I came to Adelaide to get to know the family more and am so thankful that I did. As I am praying to God to teach me how to live every moment for Him here in the workforce He has placed around me a family that has been doing this for years. It is a joy to watch their lives and their interactions with one another and those around them. I am learning so much from them.
As for work it reminds me to be thankful for what I have. Seeing the frustration of those who have been able bodied but an injury at work has left them unable to do the little things around the home or at work that we take for granted really makes you appreciate tasks like washing and cleaning! God has been teaching me how to find Him in this new environment. It has been frustrating at times as I long to be back in the Word for such prolonged periods each day as I was blessed to have during the SBS. But God reminds me that there would be no point to the academic if I did not apply it. So here I am trying to apply it.
It has been exciting to see how much it has transformed me.
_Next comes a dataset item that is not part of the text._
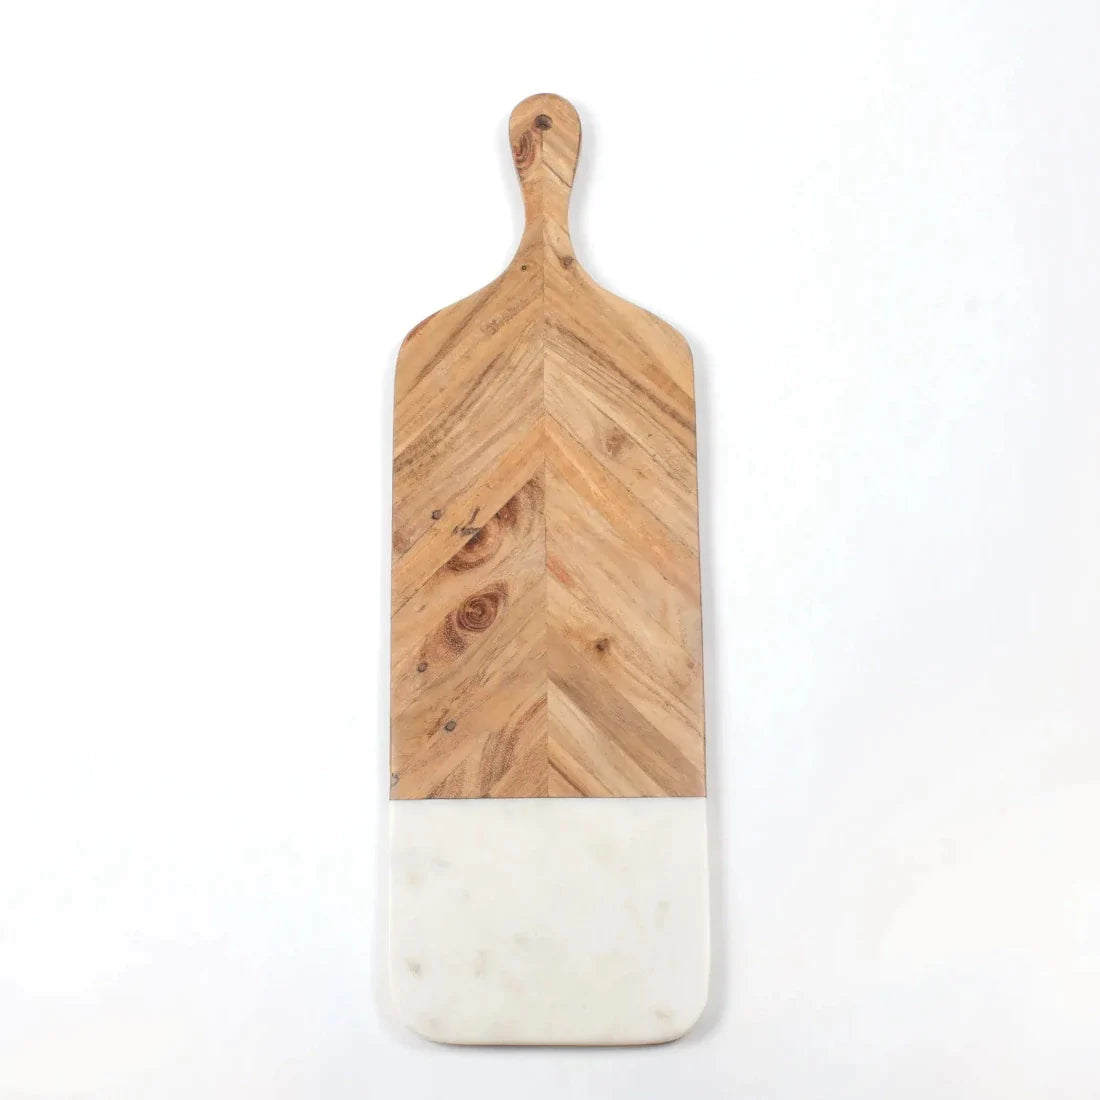 marble and wood serving board

We “know” that the Word is alive and active – and now I can say that I am proof of that because sometimes I am amazed at he works He has done in me. We are doing a series on Romans in church at the moment and they keep coming back to a saying: “I am not what I should be. I am not what I could be. I am not what I will be. But thank God I am not what I was!” Remember that God cares about the process and the journey. He is interested in the small steps towards Him that we take.
Well that’s all from me for now.
Love and blessings,
Shannon xo
PS – to my fellow SBSers -> I just re-watched our Esther play finding it funny in a very embarrassing kind of way... miss you and love you guys.